Oh hi! thanks for reading this question.

I'm an English learner and I just want to know what's the difference between "Write it down" and "Write down it"?.

Can you elaborate?



3 Answers 3


The difference is that the latter is ungrammatical. In a prepositional verb, an unstressed pronoun such as "it" must directly follow the verb. This is explained in Huddleston & Pullum (2005: 144):

One general constraint on the order 'particle + object' is that it is inadmissible if the object has the form of an unstressed personal pronoun (italic mine). For example, we can replace the suitcase by unstressed it in [36ia] but not in [iia]:

a. She took it off
b. * She took off it


Some verbs in English are phrasal verbs, these are formed of a verb and a particle. Usually, the particle can also function as a preposition. Examples of phrasal verbs are "Turn on" and "get off"

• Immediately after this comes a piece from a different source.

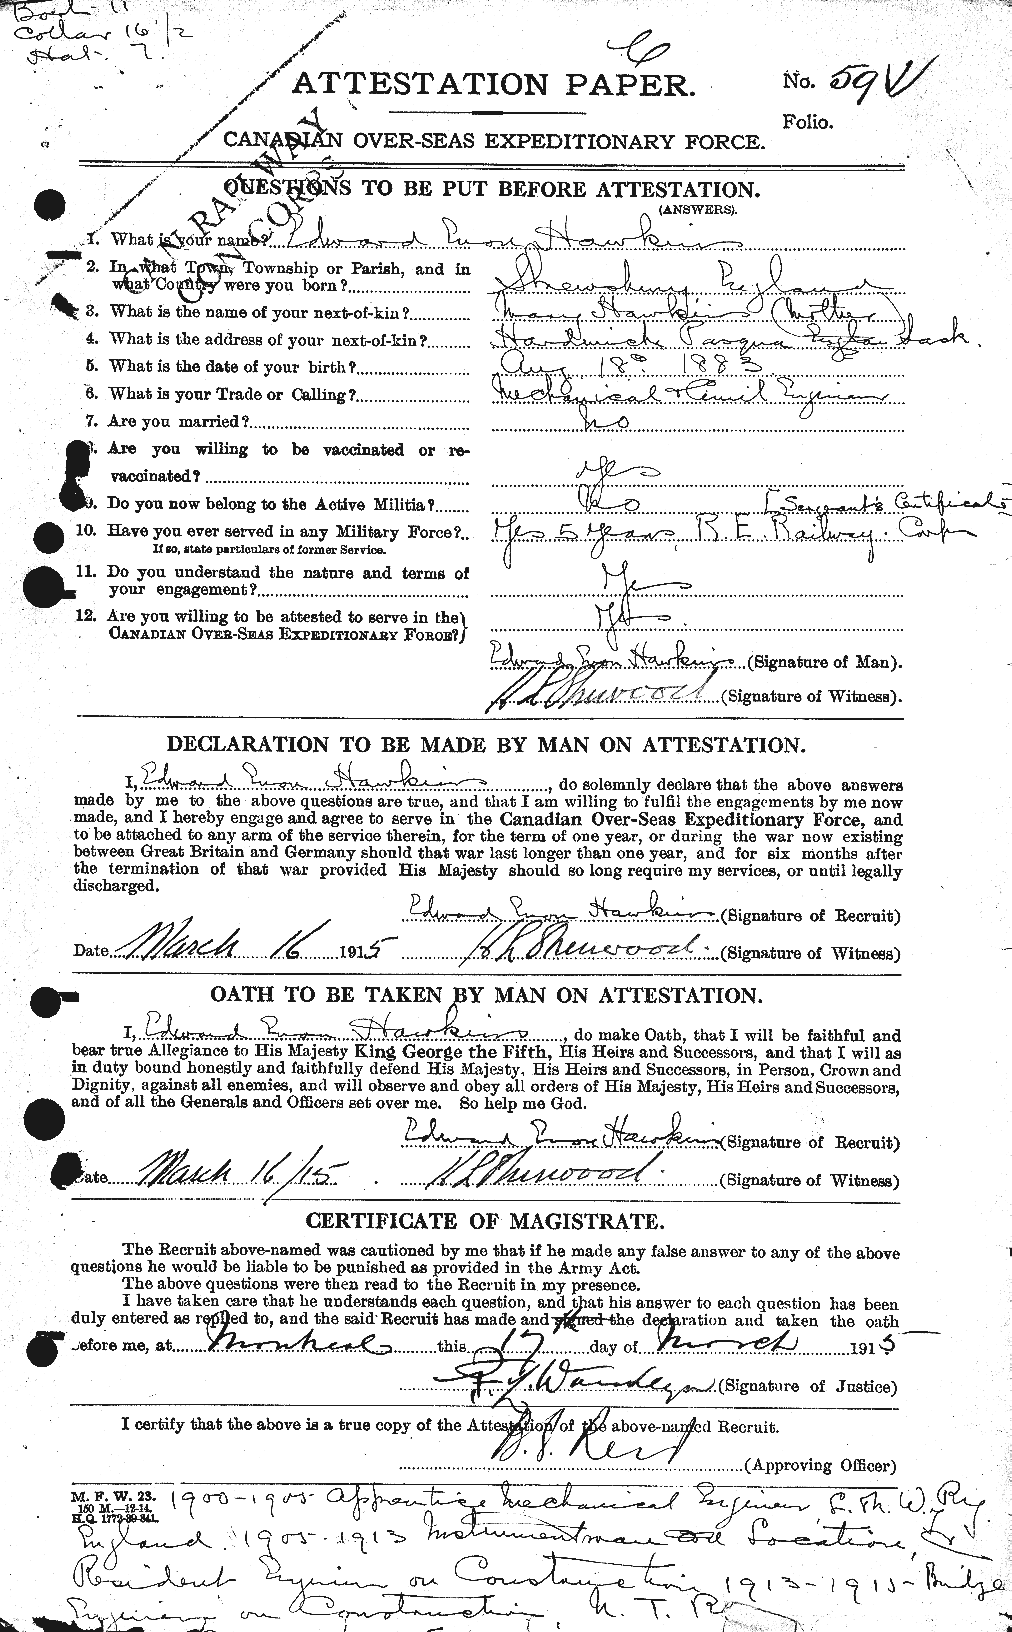 Personnel Records of the First World War - CEF 387074a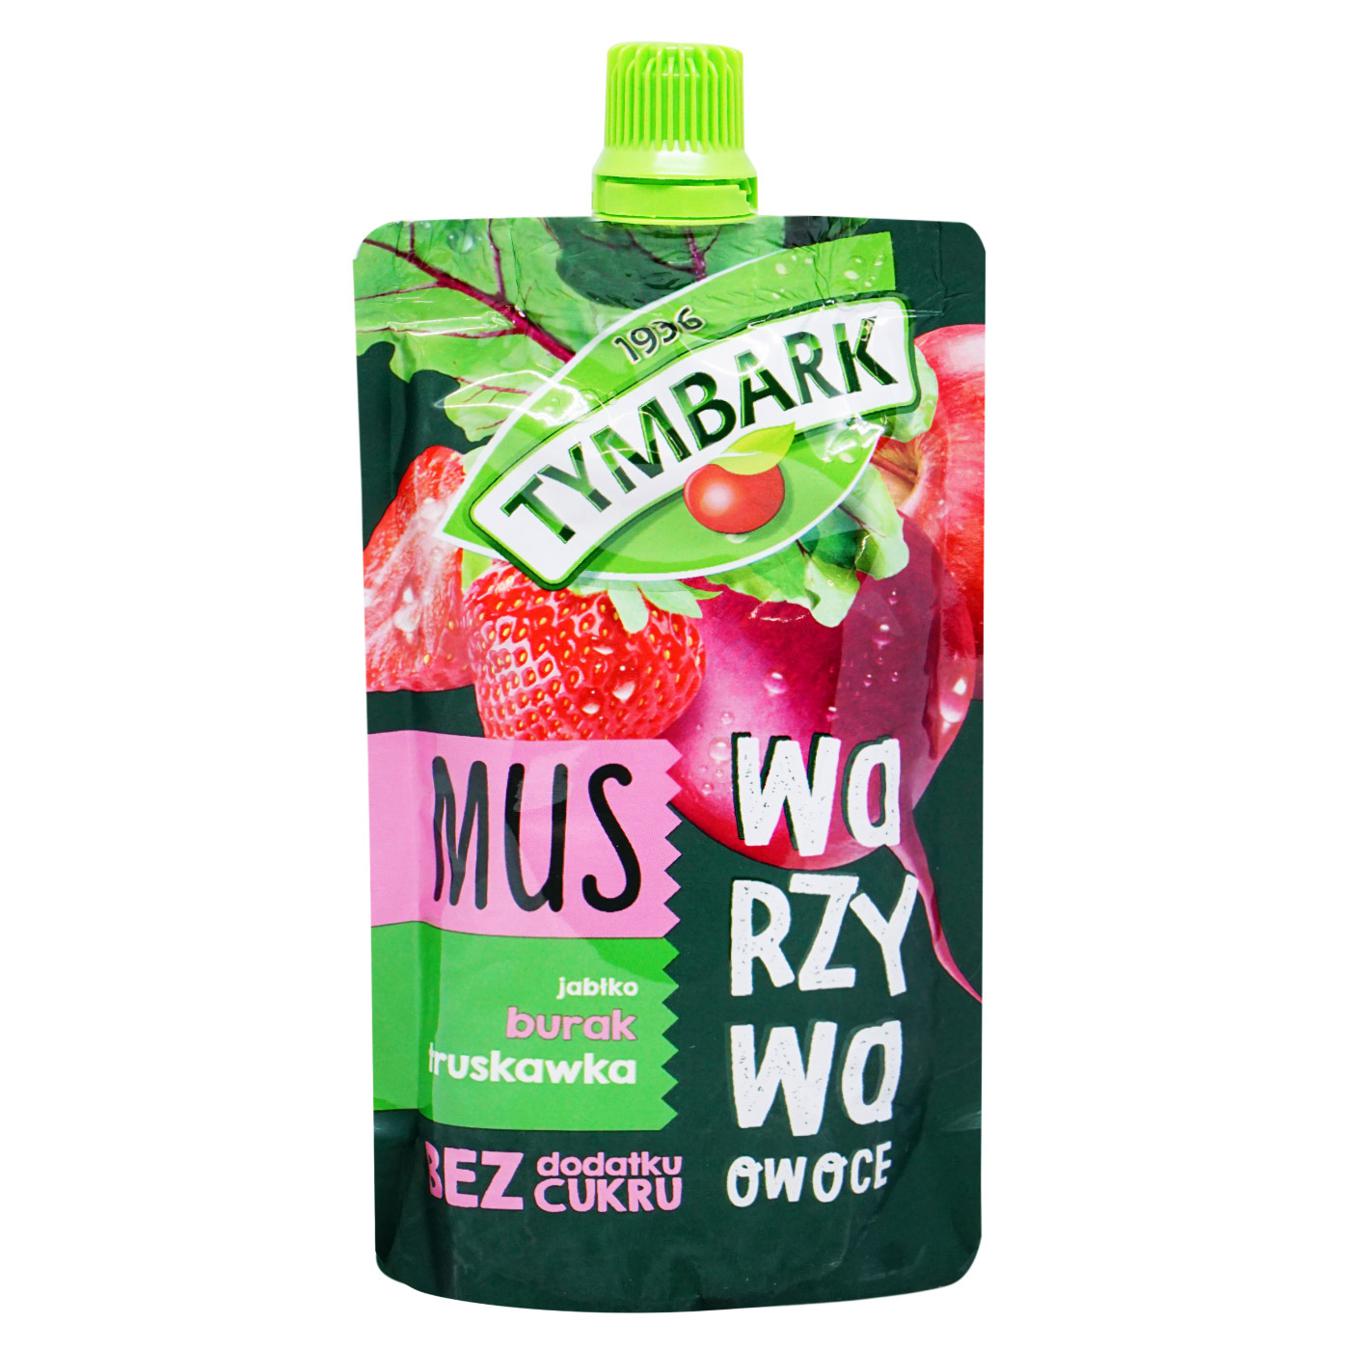 Mousse Tymbark apple beet strawberry 100g

Phrasal verbs can be "separable" or "inseparable". When a phrasal verb is separable, and the object of the verb is a pronoun, the pronoun is moved between the verb and preposition. "Turn on" is separable, but "look after" is inseparable.


Turn on the light
Turn it on
Look after the child
Look after her

"Write down" is a separable phrasal verb, so you say

Write down the sentence.
Write it down.

There is no rule for telling if a verb is separable or inseparable. In inseparable verbs the meaning of the preposition is often closer to its usual meaning but this only a rough guide, and doesn't explain every verb.


I think 'write down it' is wrong; we should say ‘write it down’. You can say ‘write the article down’ or ‘write down the article’. When a phrasal verb follows the pronoun, it should not be separable but if it follows a noun it may or not be separable.